A light ray traveling in air is incident on the flat surface of a plastic block, hitting the surface at an angle of 45 degrees from the line normal to it. The refracted ray in the block travels at an angle of 33 degrees to the line normal to the surface. What is the refractive index of the plastic? Give your answer to one decimal place.

In this question, we’re dealing with a ray of light initially traveling in air. The ray is incident on the surface of a plastic block, and we want to determine the refractive index of the plastic. We will start by drawing out this problem.
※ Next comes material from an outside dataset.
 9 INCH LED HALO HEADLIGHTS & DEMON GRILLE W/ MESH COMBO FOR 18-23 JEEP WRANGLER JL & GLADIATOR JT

So let’s begin by saying that this is the initial ray of light. We’ve been told that this ray is incident on the flat surface of a plastic block. So let’s say that this is the plastic block. To make things clear, let’s label the air and plastic block as follows. Now, additionally, we’ve been told that this ray of light hits the surface of the plastic block at an angle of 45 degrees from the line normal to the surface. So, if this is the surface of the plastic block, then this is the line normal to that surface, because the normal line is at 90 degrees to the surface, perpendicular to the surface. That’s what it means for it to be normal. And so the angle between the ray and the normal line here is 45 degrees. Let’s call this angle 𝜃 sub one.
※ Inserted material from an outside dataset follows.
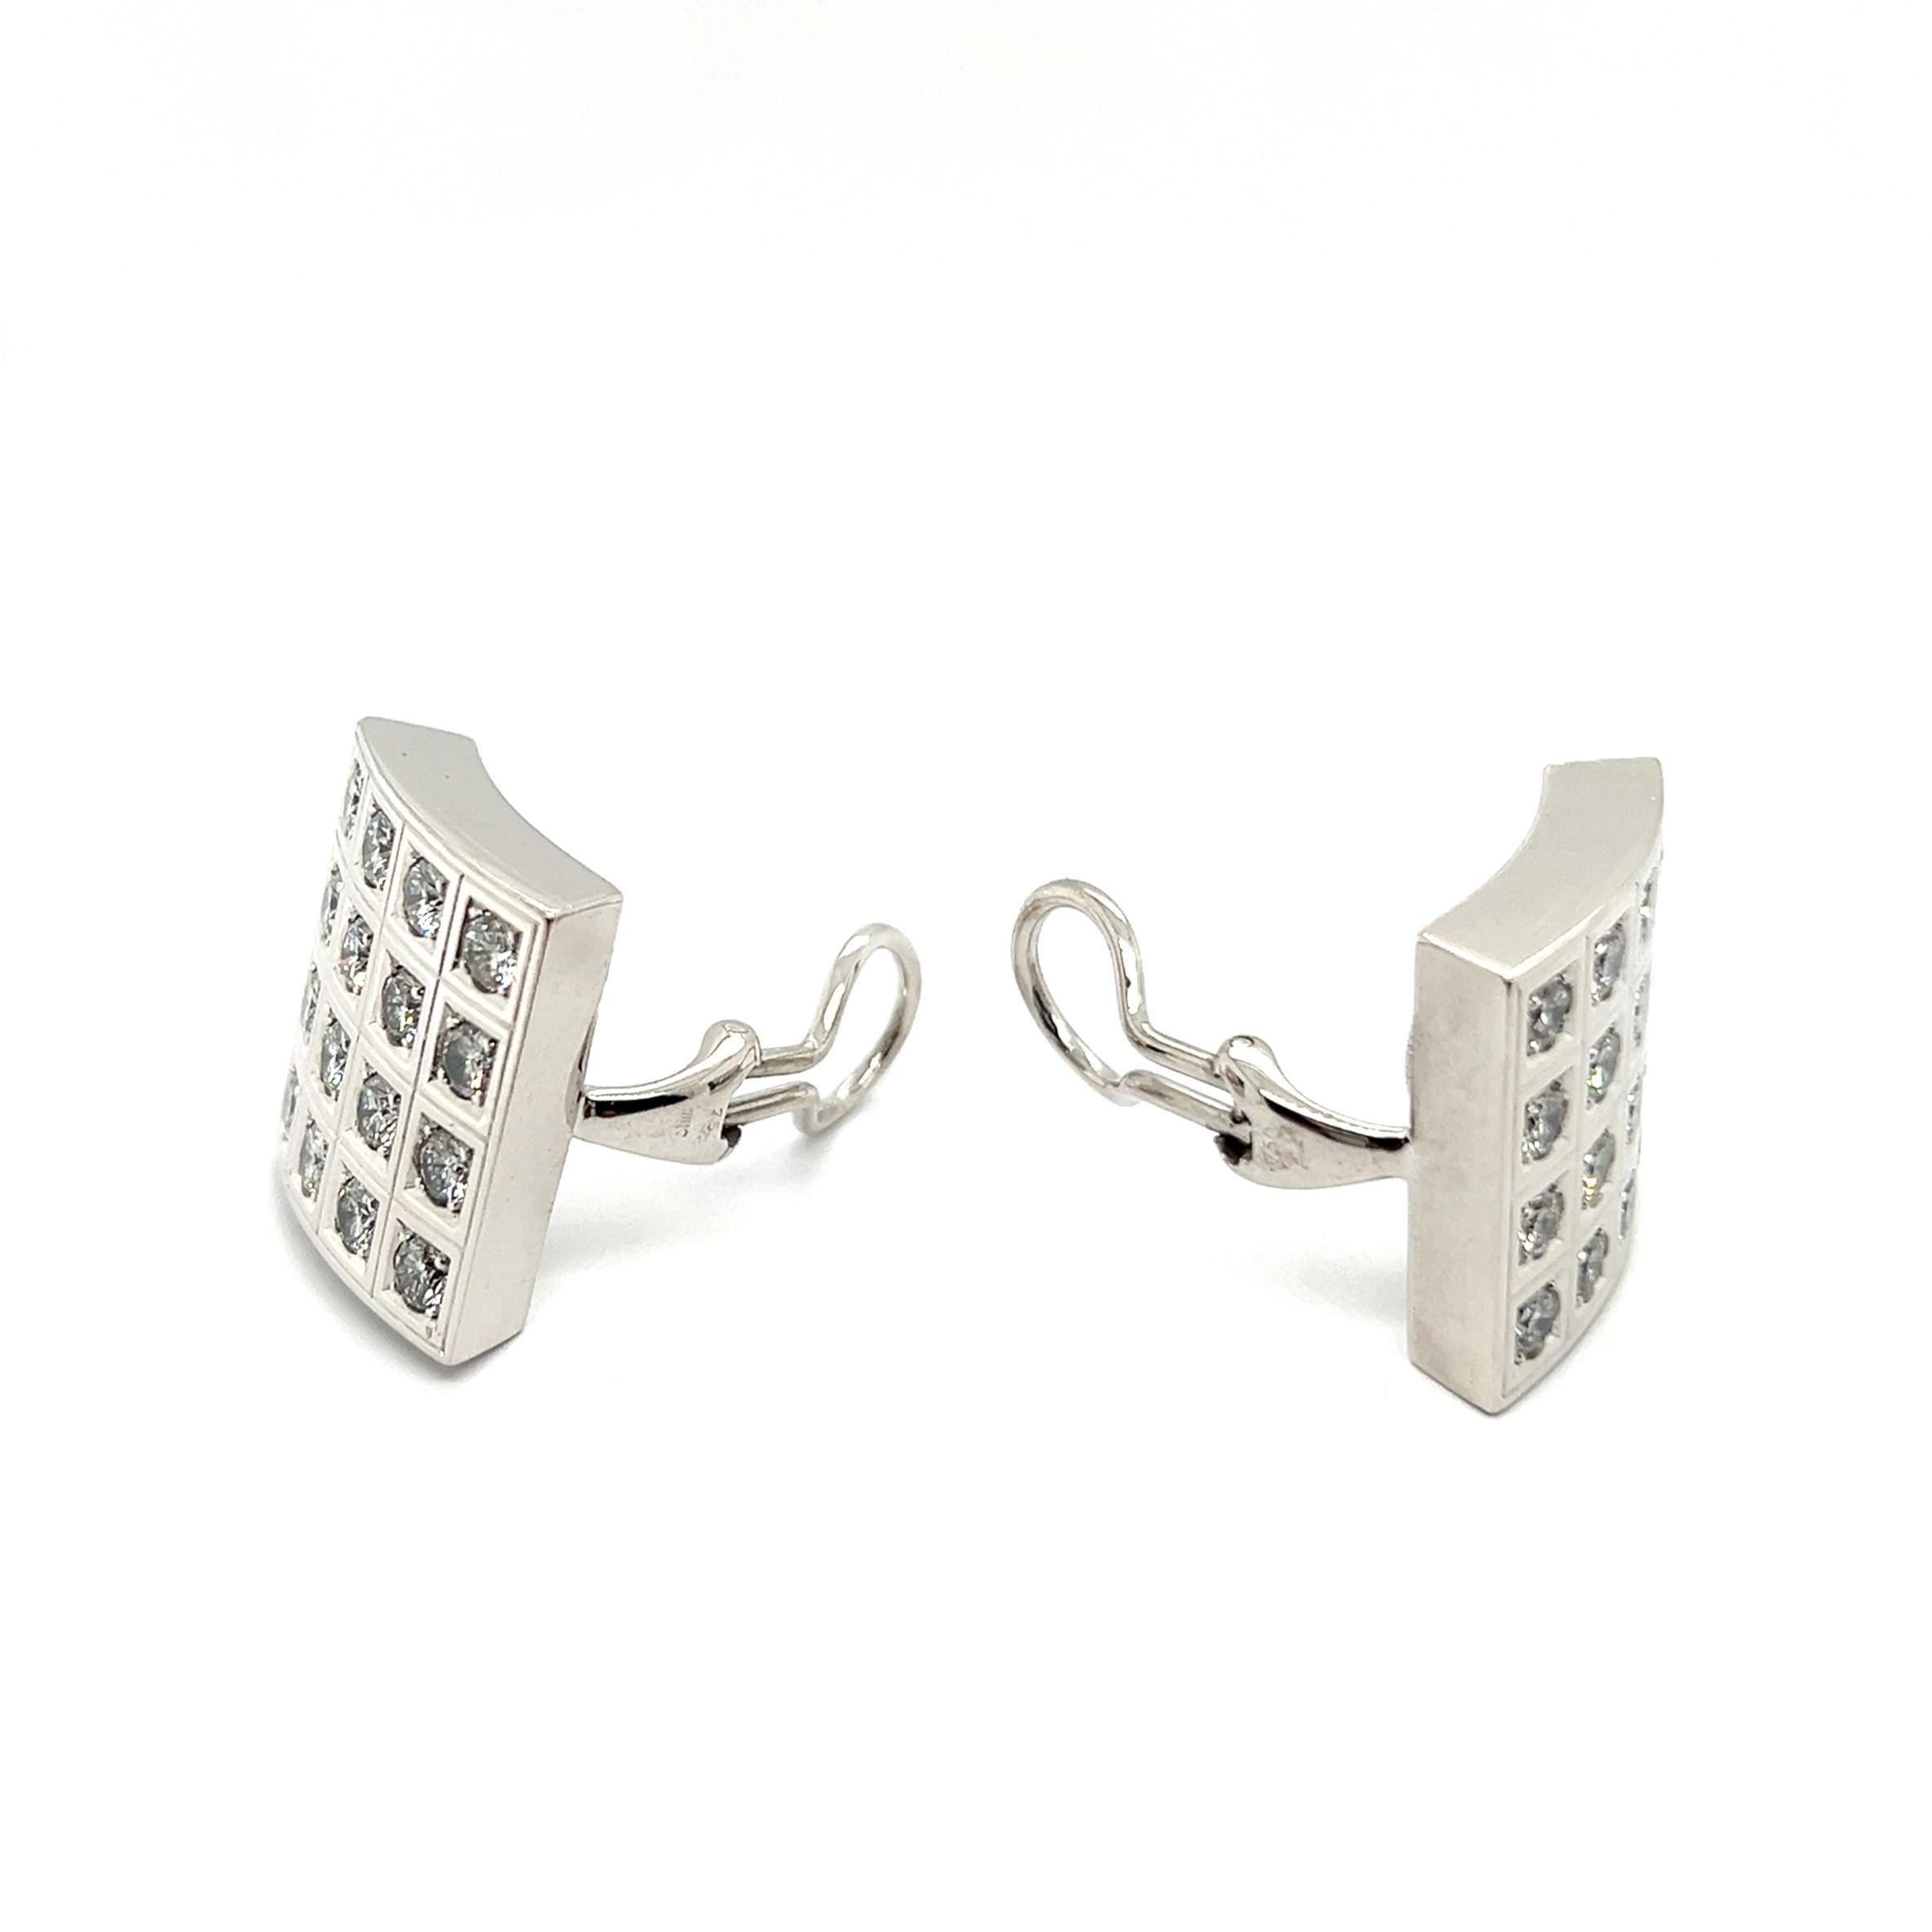  Bold Graphic Earrings with Diamonds in 18 Karat White Gold by Majo Fruithof For Sale 3

Now, because this ray of light is traveling from air to plastic, in other words, from a medium with a certain refractive index to a medium with a different refractive index, this ray of light is going to refract or change direction in the plastic block. We’ve specifically been told that the refracted ray in the block travels at an angle of 33 degrees to the line normal to the surface. And so if we imagine that this is the ray of light now traveling through the plastic block, then we can say that the angle between that ray of light and the normal line, which we will call here 𝜃 sub two, is equal to 33 degrees as we’ve been told in the question.

Now that we have drawn out the problem, we need to work out the refractive index of the plastic that results in this specific refraction. To do this, we need to recall Snell’s law. This is given by the equation 𝑛 sub 𝑖 multiplied by sin 𝜃 sub 𝑖 equals 𝑛 sub 𝑟 multiplied by sin 𝜃 sub 𝑟, where 𝑛 sub 𝑖 is the refractive index of the light ray’s initial material. 𝑛 sub 𝑟 is the refractive index of the light ray’s final material. 𝜃 sub 𝑖 is the angle of incident. And 𝜃 sub 𝑟 is the angle of refraction.
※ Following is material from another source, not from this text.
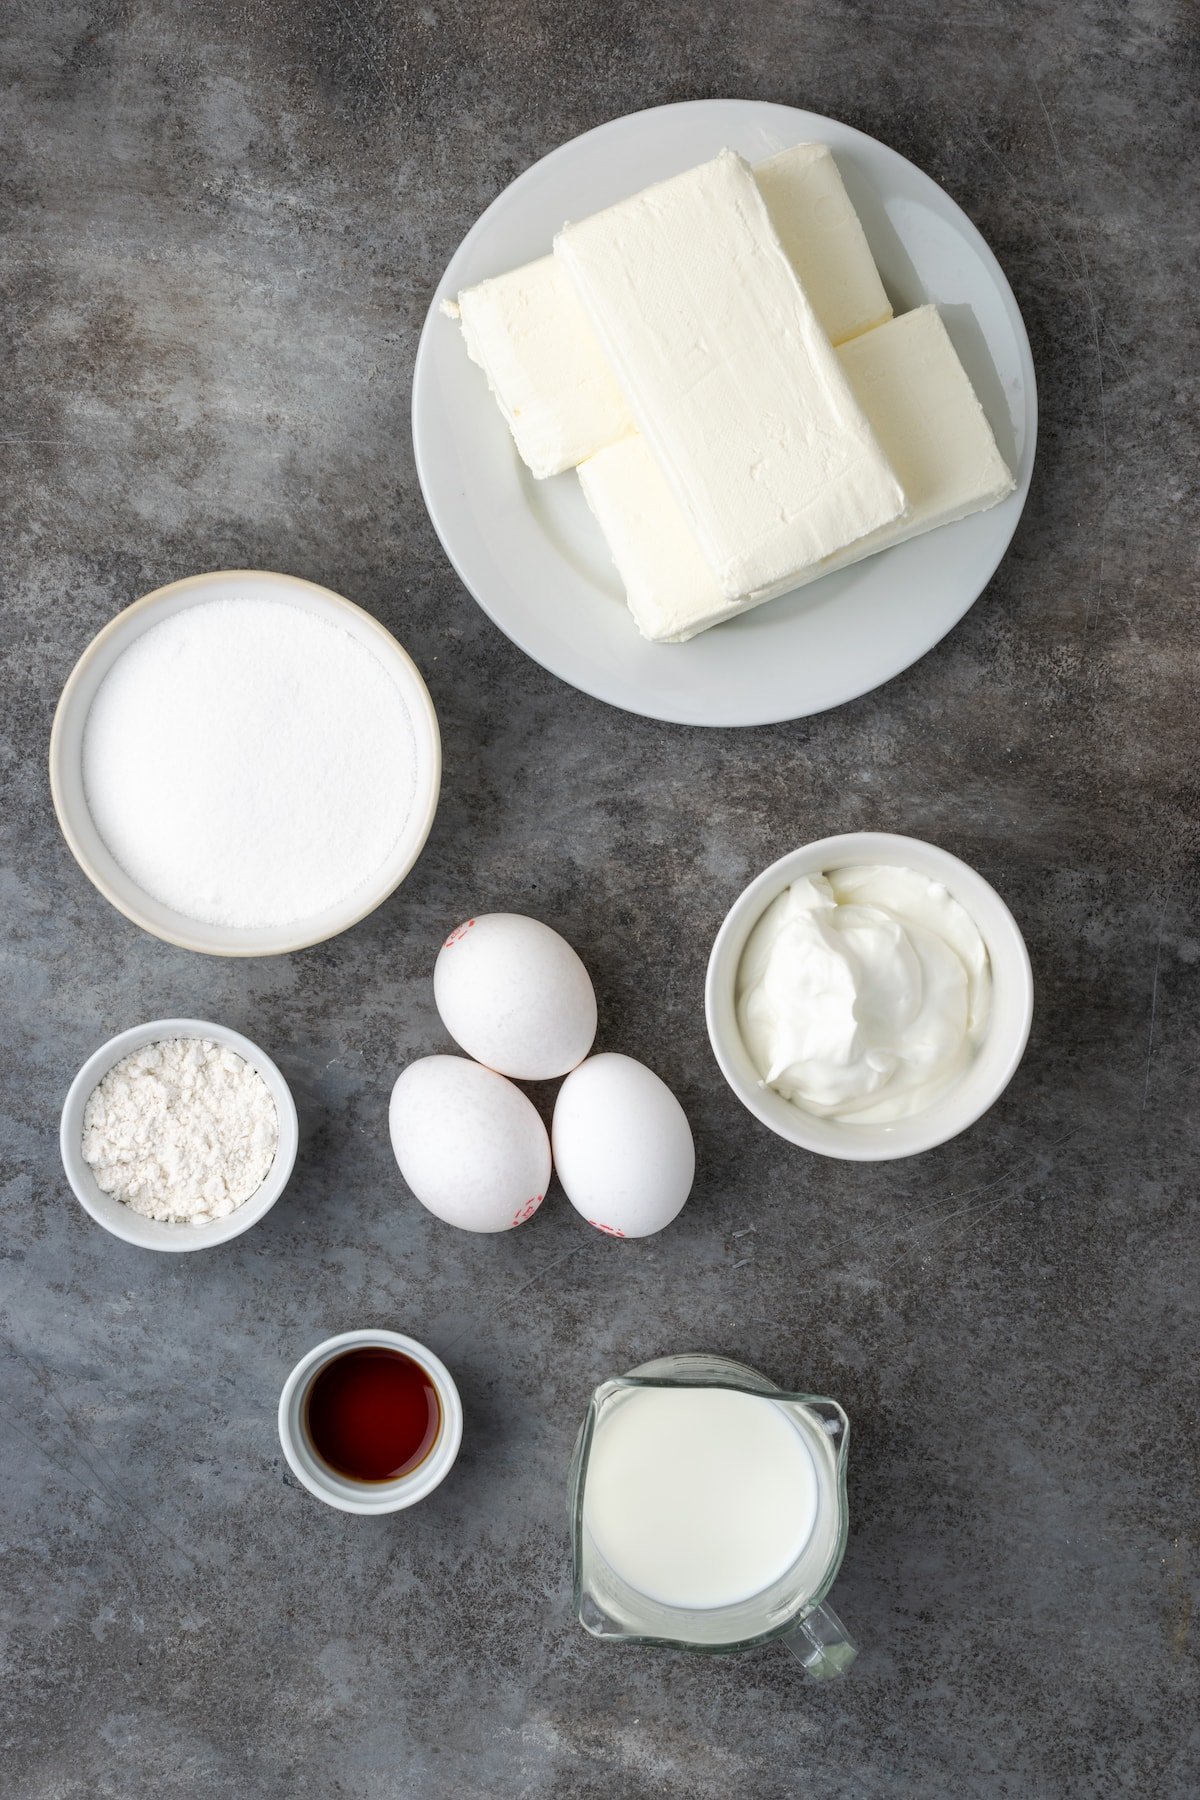 The ingredients for vanilla cheesecake.

We want to calculate the refractive index of the plastic, which is the light ray’s final material. So we need to rearrange this equation to make 𝑛 sub 𝑟 the subject. We can do this by dividing both sides of the equation by sin 𝜃 sub 𝑟, which will leave us with 𝑛 sub 𝑟 equals 𝑛 sub 𝑖 sin 𝜃 sub 𝑖 over sin 𝜃 sub 𝑟.

Now, we are told in the question that the light ray’s initial material is air. So 𝑛 sub 𝑖 is the refractive index of air. We can recall that the refractive index of air is very close to one and can be approximated as equal to exactly one. So 𝑛 sub 𝑖 equals one. We also know that the angle of incidence is this angle here. So 𝜃 sub 𝑖 is equal to 45 degrees. And the angle of refraction is this angle here. So 𝜃 sub 𝑟 equals 33 degrees. Substituting these values into this equation and grabbing a calculator, we find that 𝑛 sub 𝑟 is equal to 1.298 and so on.

We need to give this answer to one decimal place. So, if we round this up, we find that 𝑛 sub 𝑟 is equal to 1.3. And we have arrived at the final answer. The refractive index of the plastic is 1.3.